Taking the line with "Facebook Usage" as the first and the line with "Majestic Men's Boston" as the last, set down the lines below exactly, pictures excluded.

Source information:
[Start of Attachment]
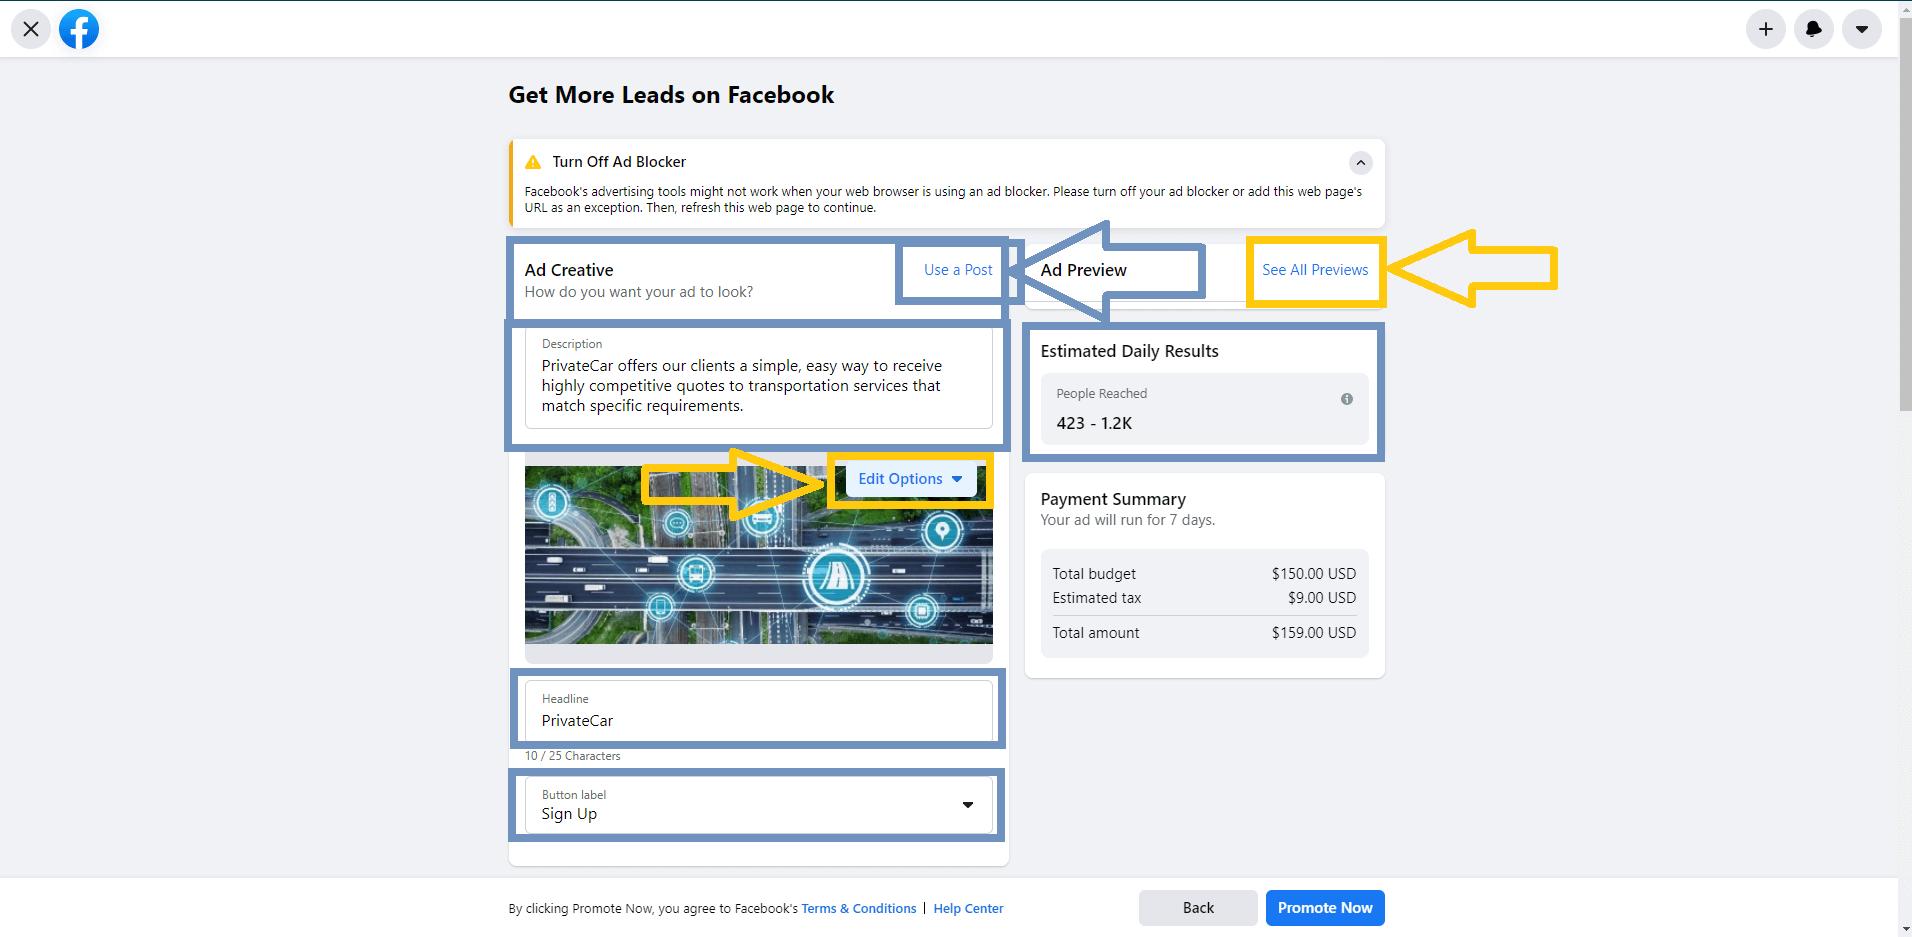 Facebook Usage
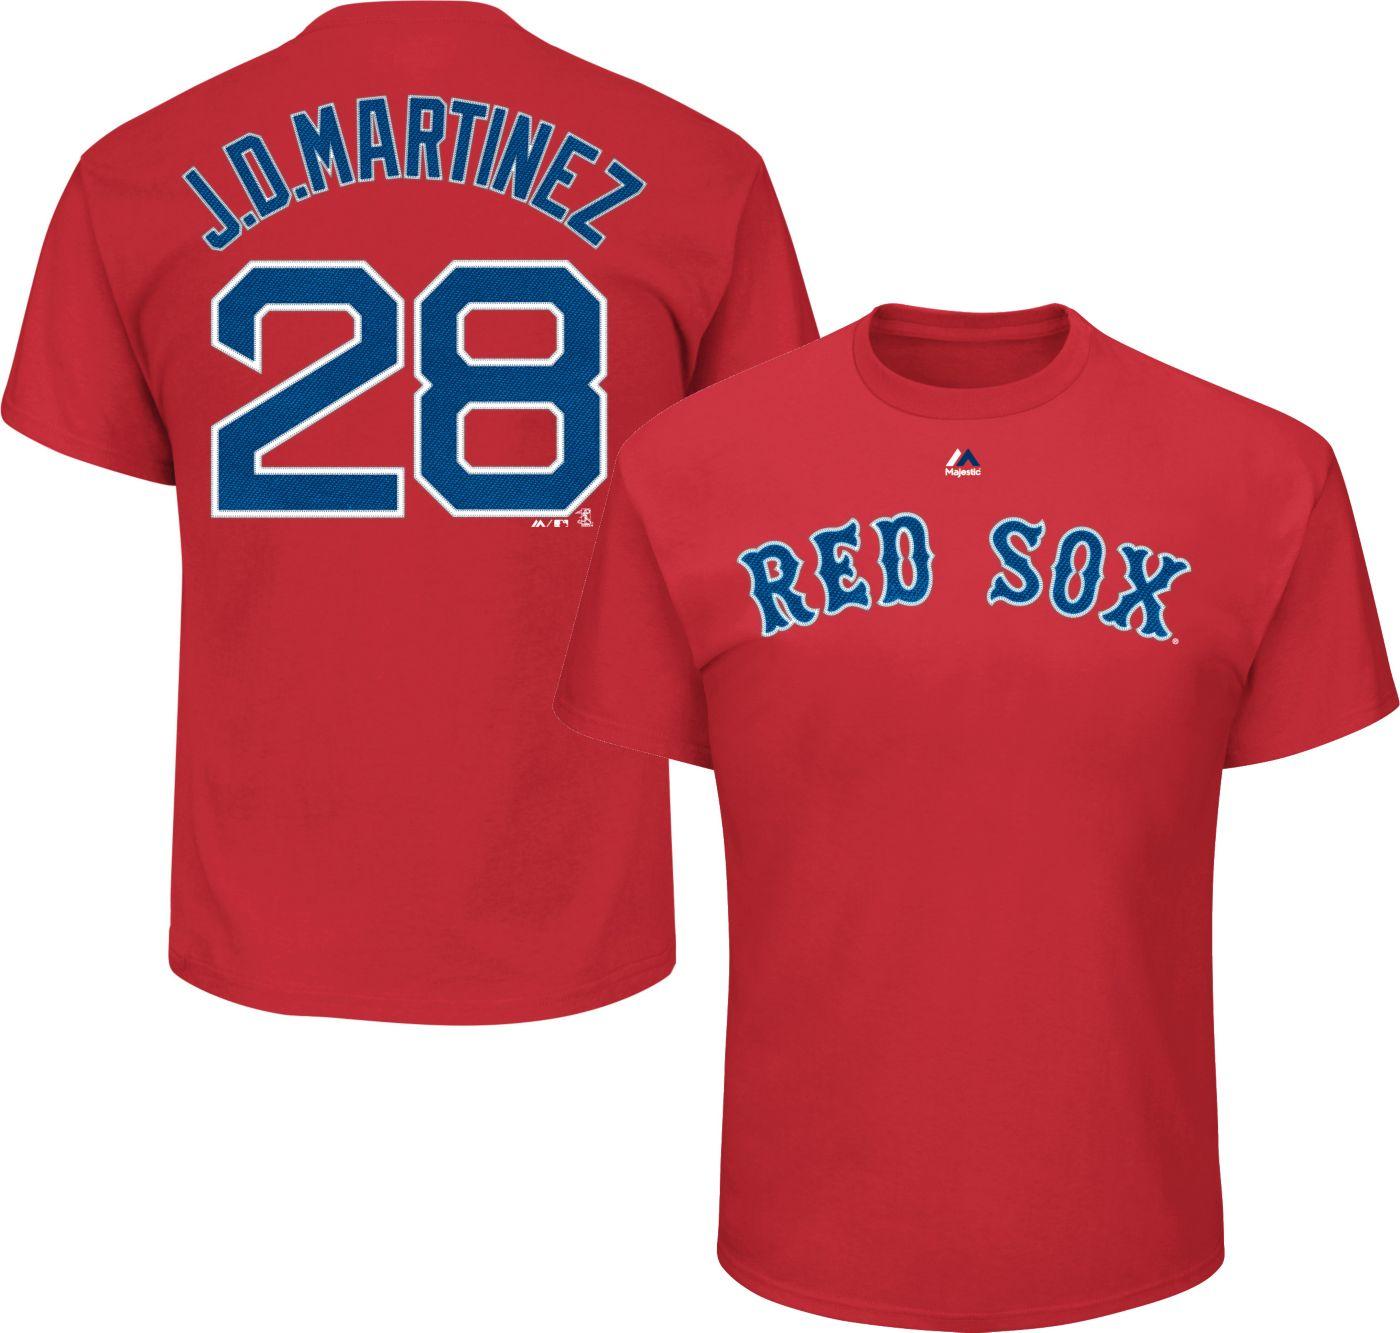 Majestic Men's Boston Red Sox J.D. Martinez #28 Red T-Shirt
[End of Attachment]
[Start of Attachment]
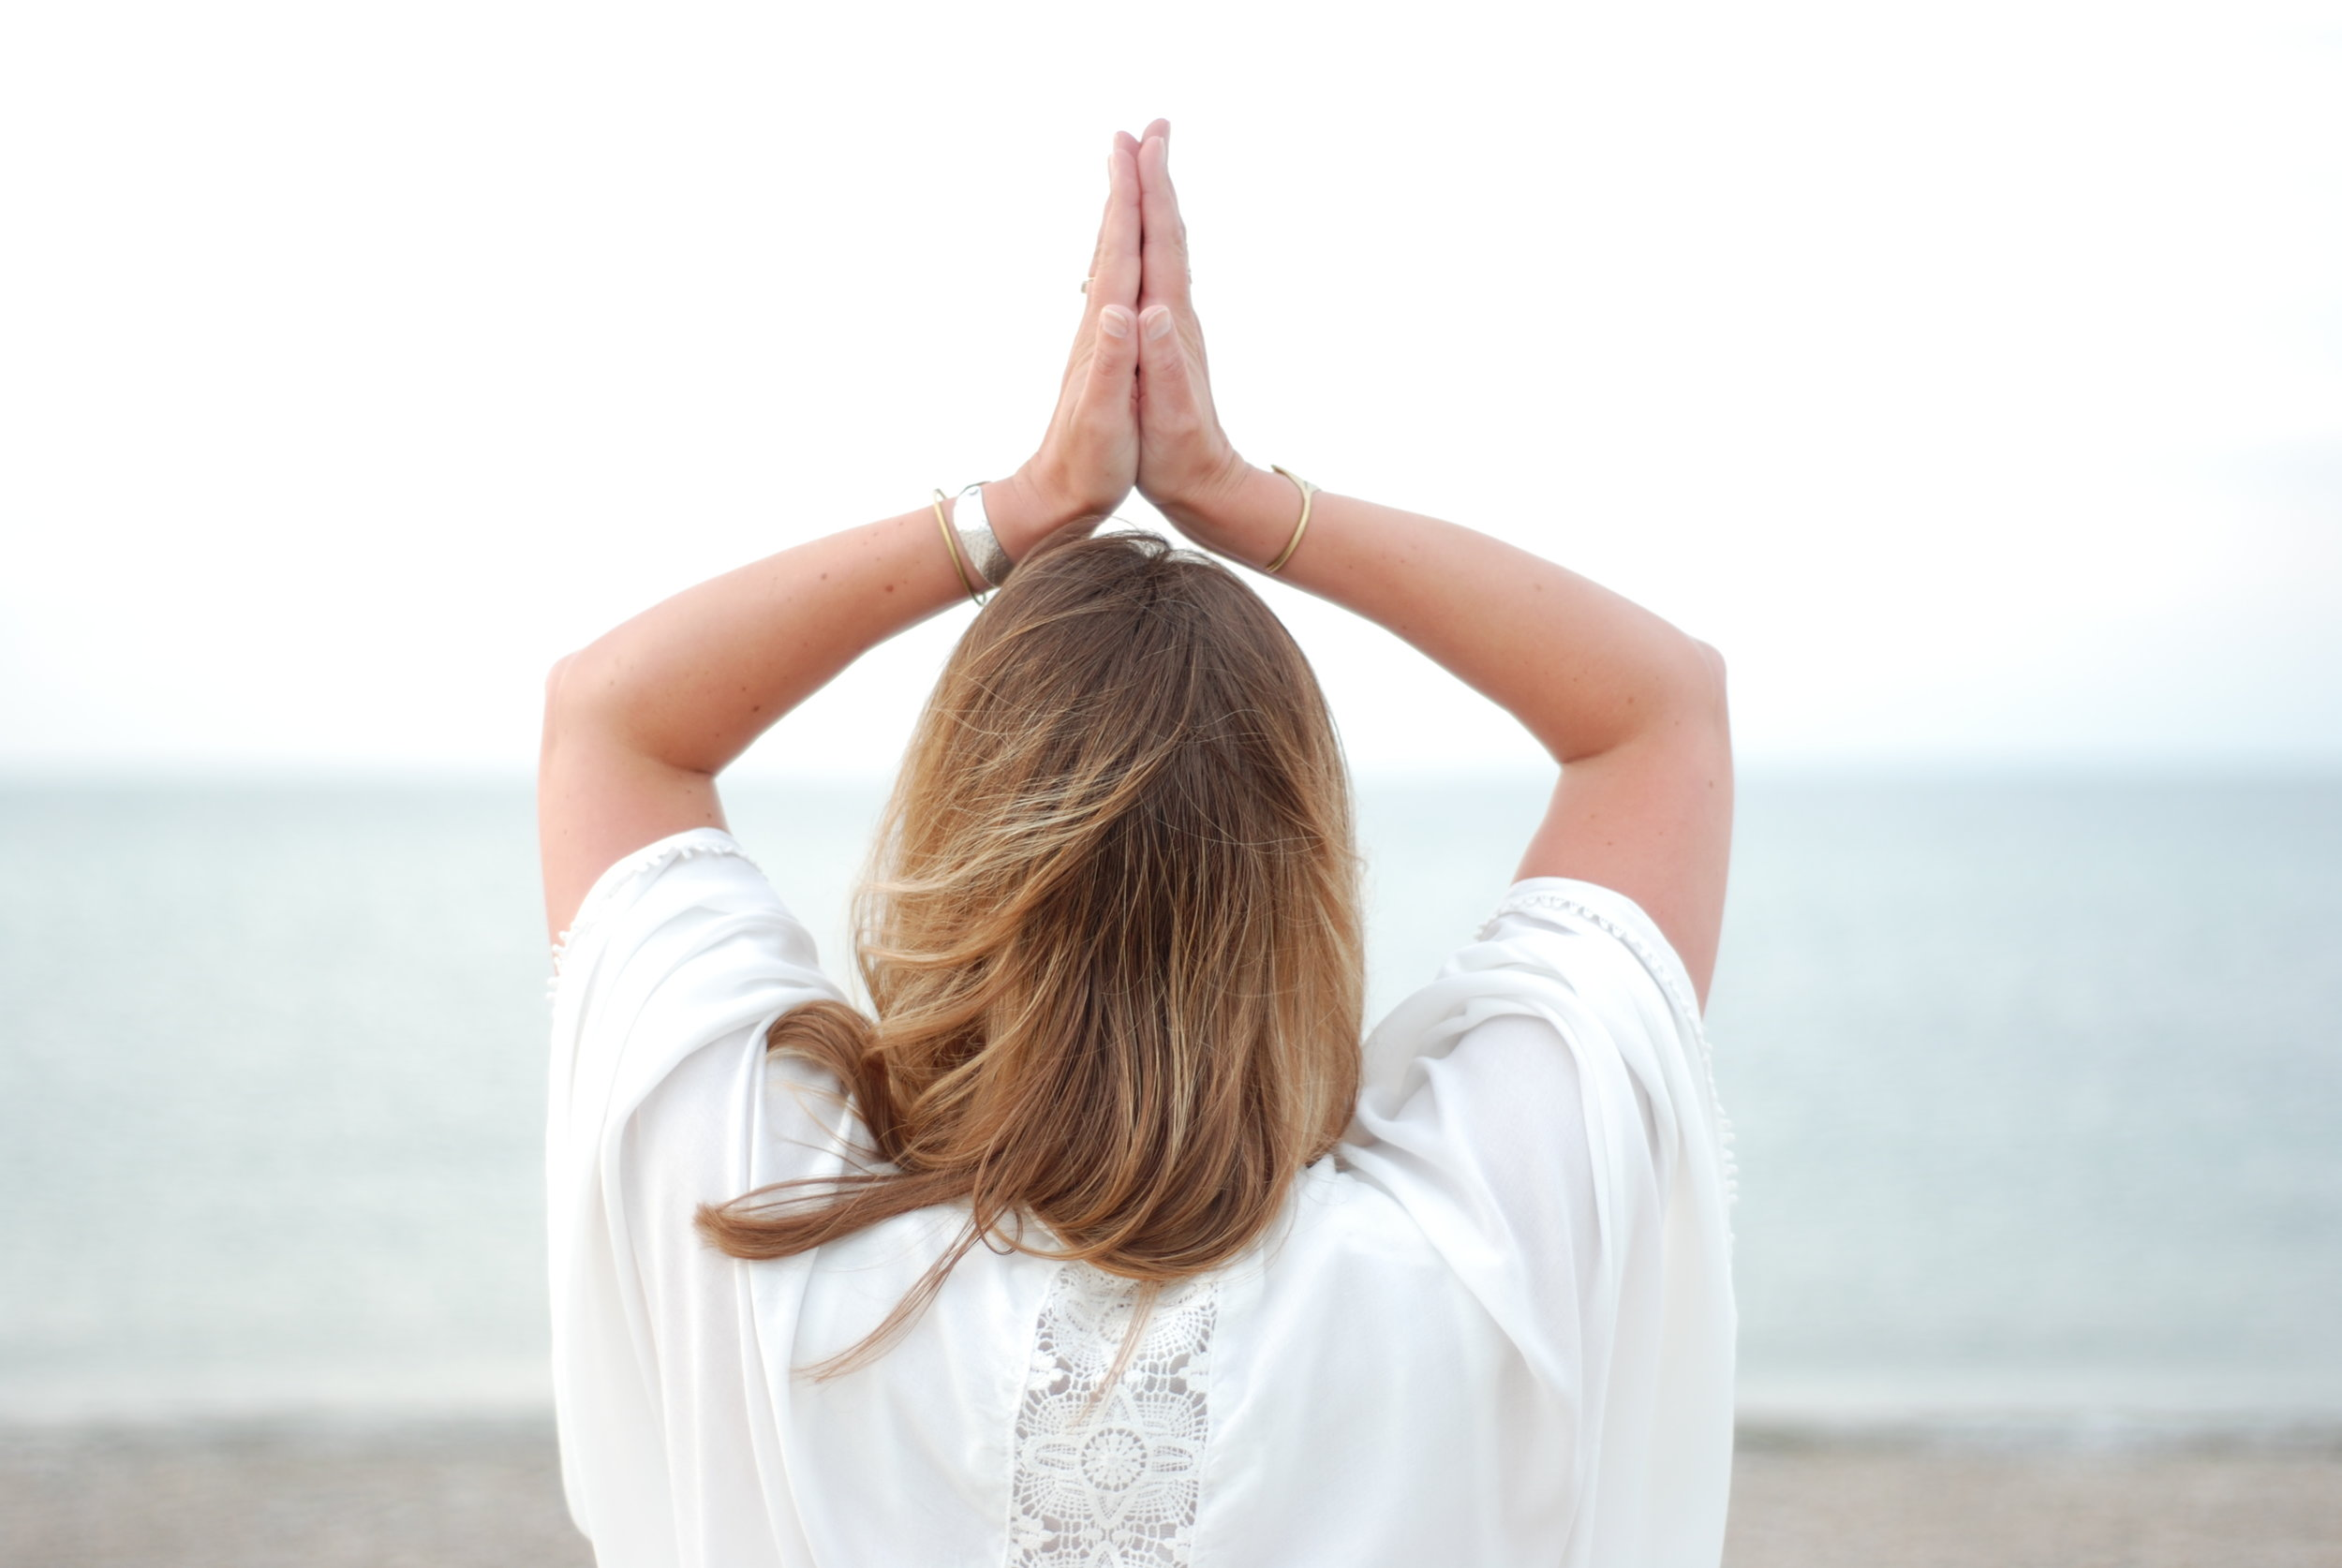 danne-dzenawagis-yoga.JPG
[End of Attachment]
Answer space:
 Facebook Usage
 Majestic Men's Boston Red Sox J.D. Martinez #28 Red T-Shirt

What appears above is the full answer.